Il romanzo Il sopravvissuto di Antonio Scurati, vincitore del premio Campiello 2005, propone una storia drammatica, un folle, premeditato gesto, una situazione disperata e sconfortante.
Vitaliano Caccia, infatti, ragazzo svogliato e negligente, ma allo stesso tempo intelligente e sensibile, presentandosi agli esami di maturità il 18 Giugno 2001 per la prova orale, giunto davanti alla commissione, estrae una pistola e uccide i suoi professori. Solo uno viene risparmiato: l’insegnante di storia e filosofia, Andrea Marescalchi, che aveva sempre mostrato particolare simpatia nei confronti di Vitaliano.
L’assassino, dopo aver compiuto l’orribile massacro, punta il dito contro Marescalchi, poi fugge.
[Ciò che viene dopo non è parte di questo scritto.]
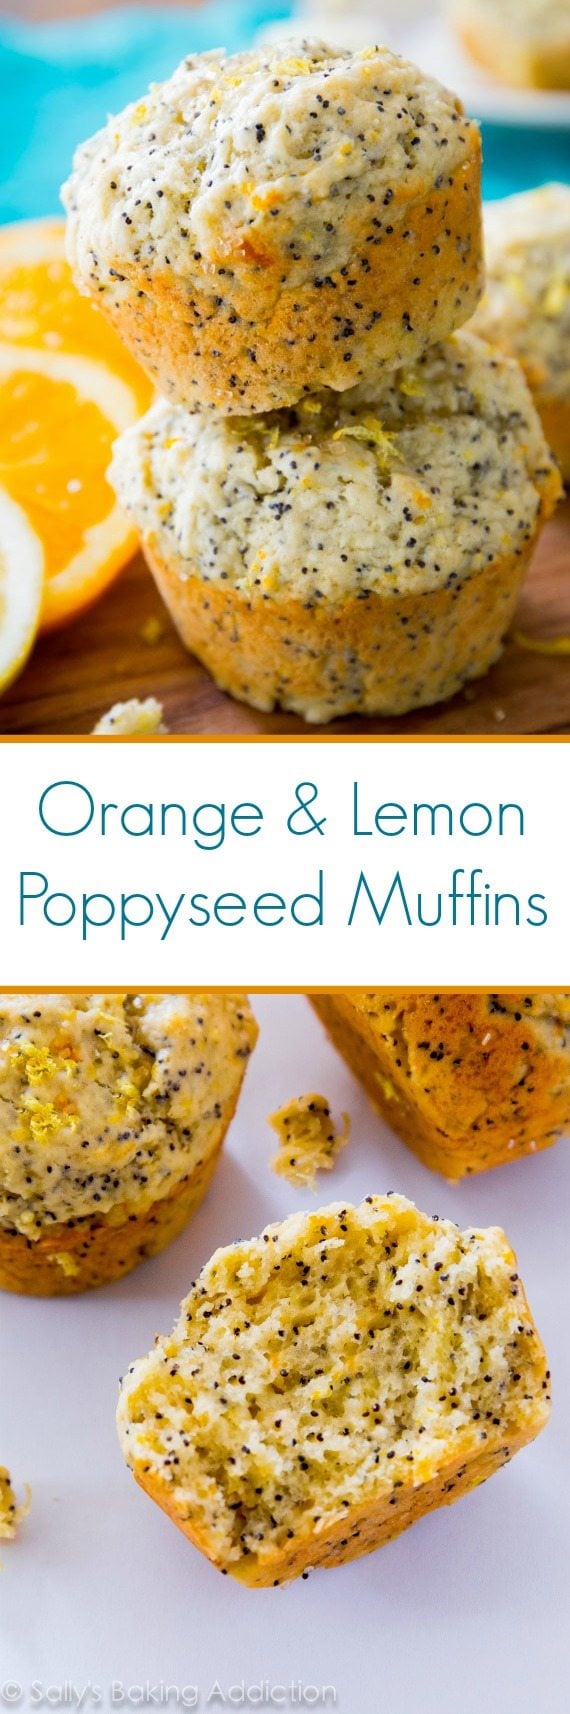 Orange Lemon Poppyseed Muffins - moist, sweet, and full of ...

Ora, “il sopravvissuto” è destinato a rivivere angosciosamente e di continuo la strage di cui è stato testimone, per capire, per trovare almeno una minima spiegazione, per ricercare quali siano le sue colpe e quanto il suo insegnamento abbia potuto influenzare Vitaliano, per spingerlo a quest’estrema e smisurata azione.
E mentre Marescalchi scava nei propri ricordi, all’interno di sé stesso, e si chiede il perché della sua “salvazione”, premeditata quanto l’omicidio dei colleghi, intanto i mass media indagano, diffondono notizie, scatenano l’insaziabile curiosità del pubblico e violano l’intimità del piccolo paese in cui si è svolto il fatto, Casalegno, in cui la gente si avvicina, grazie ad una “rinnovata coesione sociale”.
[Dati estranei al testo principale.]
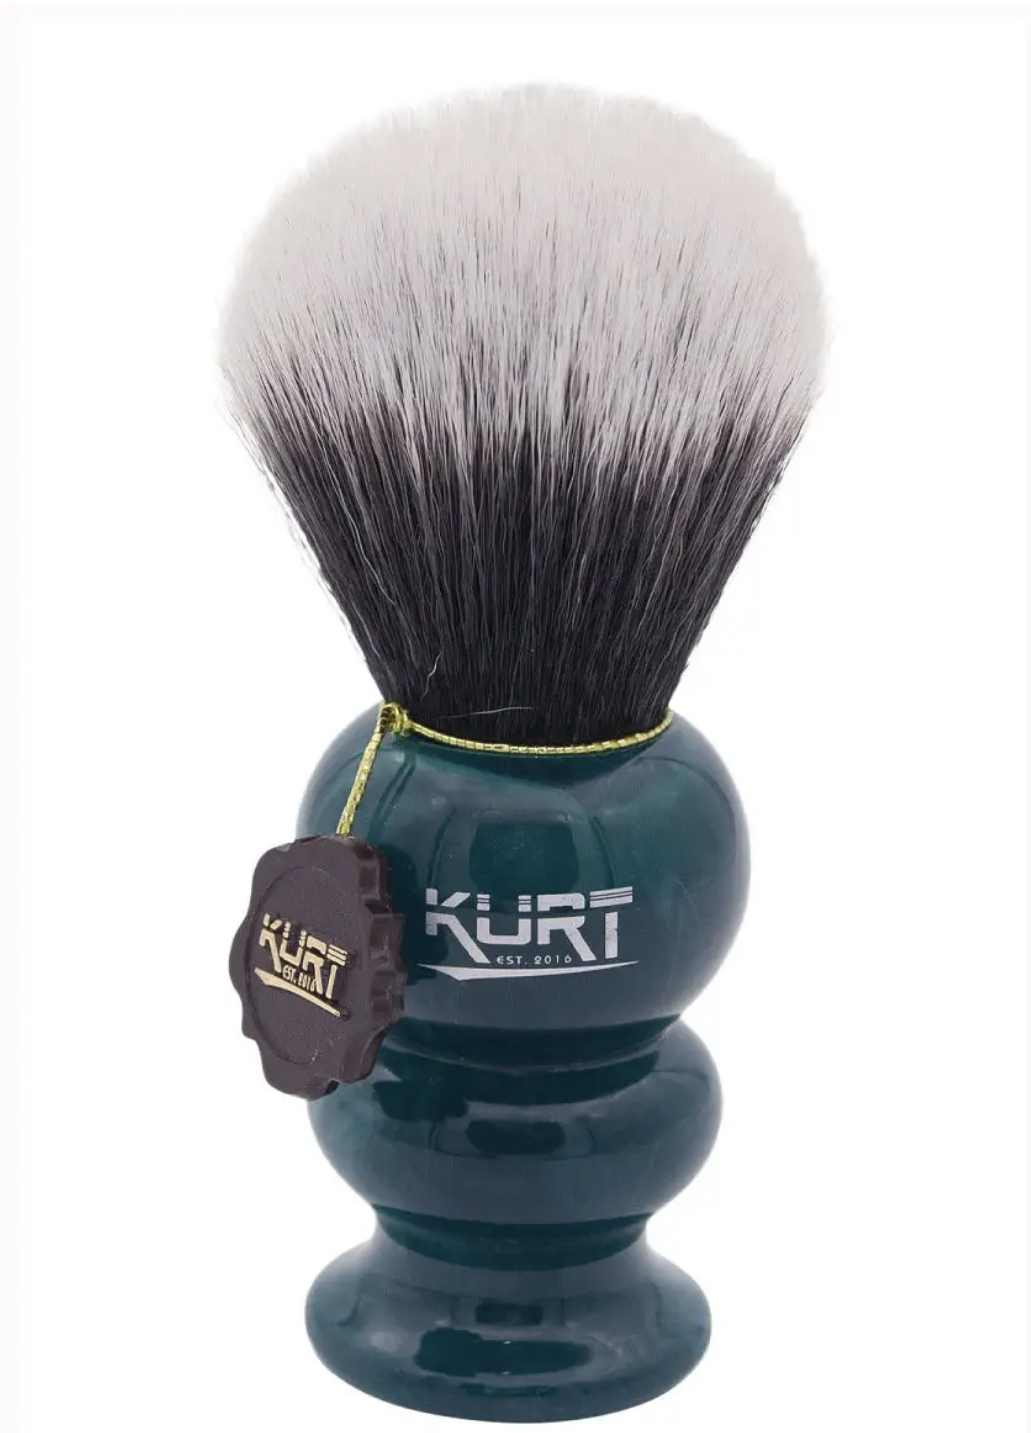   / Kurt -      Hi-Brush K_10027S -  1

A spezzare quest’unità ritrovata, oltre ai mass media, sono anche i giovani che, indifferenti alla strage, mantengono il loro ritmo di vita quotidiano: ora sono loro il “nemico interno”, temuto dagli abitanti di Casalegno, che si ritrovano per sfuggire alla loro case, ormai non più sicure, perché “quel ragazzo con la sua pistola era stato per tutti loro una catastrofe naturale”: questa aveva trasformato la popolazione rendendola estranea alla realtà, assente, quasi inconsistente. Implorato da alcuni studenti, Marescalchi si decide infine a partecipare ad un “talk show in cui i soliti esperti e le solite celebrità televisive esprimevano liberamente il proprio parere sul fatto del giorno”. A questo punto si colloca , dietro una pungente ironia che traspare dallo stile minuzioso e, in questo caso, sarcastico dell’autore, una forte critica alla società moderna, alla società del talk show, dove persino il dolore umano, l’avvenimento catastrofico, la distruzione di una vita, lo strazio dell’animo, divengono “macchine da soldi”, strumento per dare spettacolo, non meno (anzi, forse di più) di film, esibizioni o balletti. Dopo un “mare di chiacchiere”, in cui anche chi non è esperto si finge tale, pur di poter esprimere la propria opinione sulla strage, la parola va infine al professore, che però, al solo epiteto di “sopravvissuto” si sente mancare, e non riesce a dire ciò che vorrebbe, ovvero che lui, del massacro, non sia niente, che l’”essere stati vittima di una violenza non conduce a nessuna scoperta […] :è soltanto una calle buia, che non finisce”: ma non dice nulla di tutto questo, farfuglia solo un confuso balbettio.
Alla fine, Marescalchi ritiene di dover riportare alla luce il passato, rileggendo il suo diario personale, e recandosi dalla madre di Vitaliano, per avere informazioni: gli vengono consegnati però, solo gli appunti per la tesina del ragazzo. Essi riguardano i genocidi del XX secolo, a cui Vitaliano non aveva saputo rassegnarsi: più volte aveva chiesto al suo professore preferito un perché, una spiegazione delle stragi, un commento.
E di fronte a queste domande senza risposta, comprende infine Marescalchi, Vitaliano aveva deciso di dare la propria: fare concludere tutto con un massacro.
E,commenta con tragica ironia il professore nelle ultime pagine del romanzo: “in un certo senso, è stato davvero il mio allievo più perspicace”.